To inform future research into anemia as a potential therapeutic target, a link between Hb and PHE is worth exploring. We investigated this using high-quality, prospectively collected data from the Intracerebral Hemorrhage Deferoxamine (i-DEF) trial [7].
Methods
Study Design and Participants
The i-DEF (ClinicalTrials.gov identifier: NCT02175225) trial was a multicenter randomized, placebo-controlled phase 2 clinical trial conducted across 40 centers in the United States and Canada. The trial investigated the iron chelator deferoxamine mesylate as a treatment option against secondary brain injury after ICH, in which iron from hemolyzed blood has been implicated. Its methodology, including details about data collection and imaging analysis, is described elsewhere [7, 8]. In short, i-DEF participants had primary supratentorial ICH and were randomized to receive study drug infusions for three consecutive days, starting within 24 h of ICH onset. Patients with known severe anemia (Hb level < 7 g/dL or requiring blood transfusions), coagulopathy (prolonged activated partial thromboplastin time or elevated international normalized ratio on presentation, or use of direct oral anticoagulants or low-molecular-weight heparin), planned hematoma evacuation, and infratentorial or secondary ICH were excluded from participation. Screening in the i-DEF trial included standardized laboratory assessments, including hematology, done locally at each site as part of routine care. Head computed tomography (CT) was obtained at screening (baseline scan) and within 24 h of completion of the last infusion (i.e., within 72–96 h from ICH onset; follow-up scan). CT scans were sent to a core imaging laboratory (Beth Israel Deaconess Medical Center, Boston, MA). Imaging evaluations were done by experienced blinded raters using an imaging analysis software (Analyze 11.0; AnalyzeDirect, Overland Park, KS). Volumetric assessments of intracerebral hematoma and PHE were done on CT scans using a validated Hounsfield-unit-threshold-based, semiautomated segmentation approach with manual correction, as described previously and in Supplementary Fig. 1 [7, 8].

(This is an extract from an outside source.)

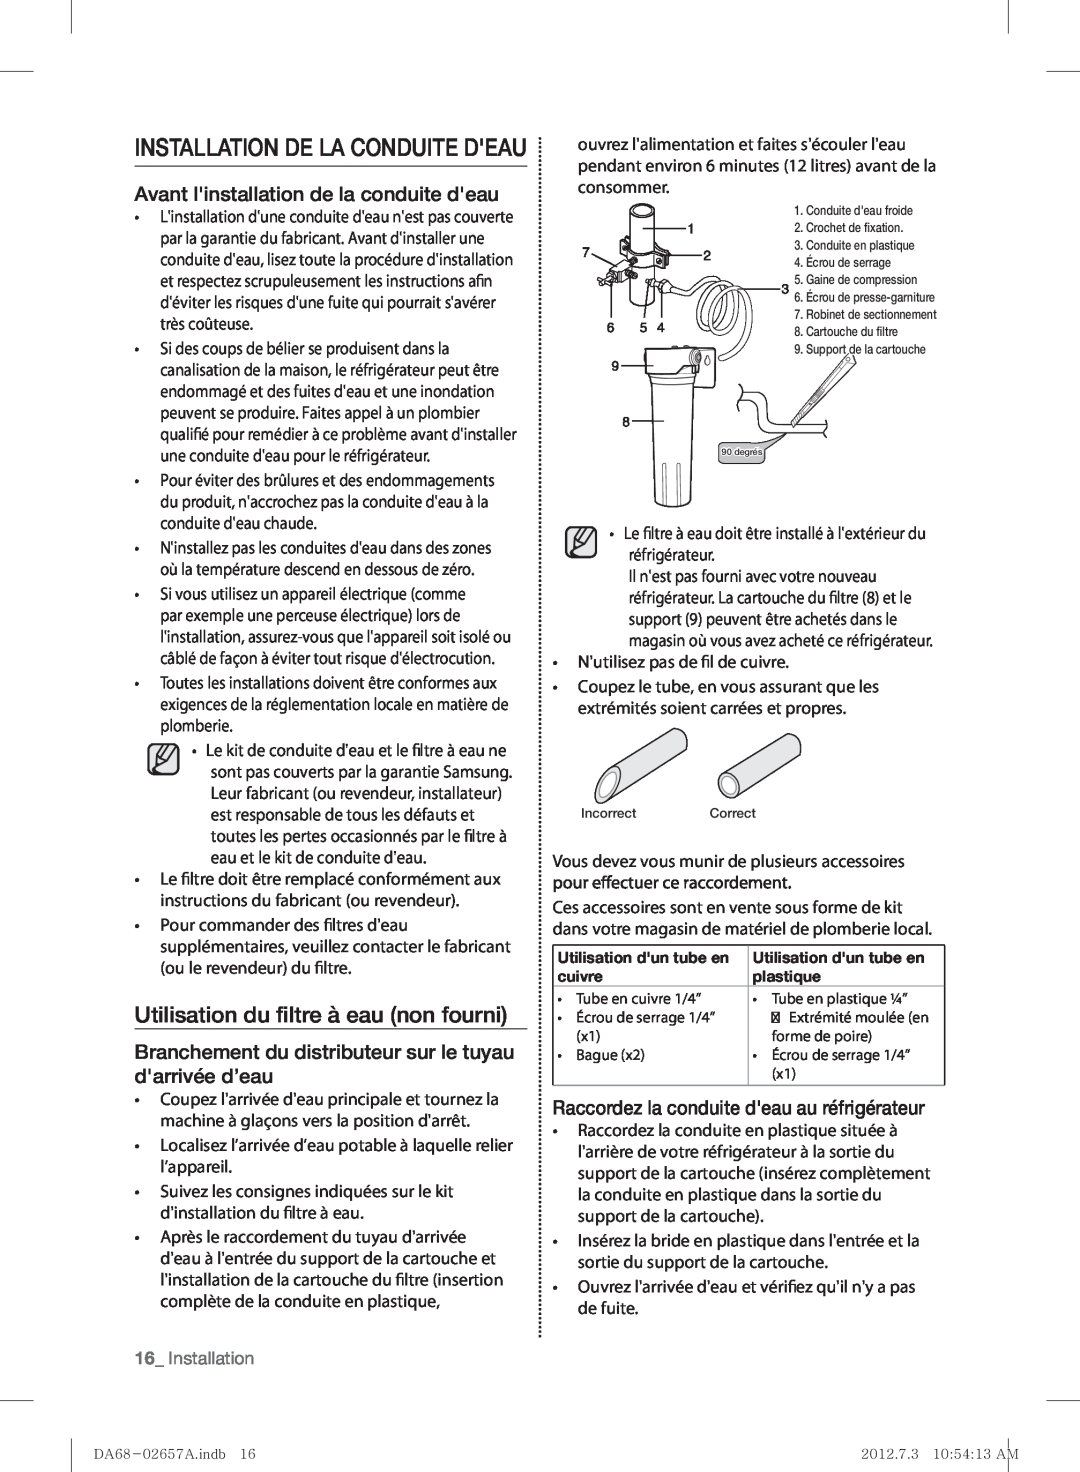 Samsung RF221NCTABC user manual Installation De La Conduite Deau, Utilisation du ﬁltre à eau non fourni

In this exploratory post hoc analysis focusing on the association of Hb with PHE, we included all i-DEF participants with available laboratory and imaging data. We excluded those with emergent surgical treatment (craniectomy/hematoma evacuation) because this may impact PHE growth.
Exposures and Outcomes
The main exposures were Hb (as a continuous variable) and anemia (as a dichotomous one) at screening. The latter was defined as Hb level < 12 g/dL for women and < 13 g/dL for men as per standard World Health Organization definitions.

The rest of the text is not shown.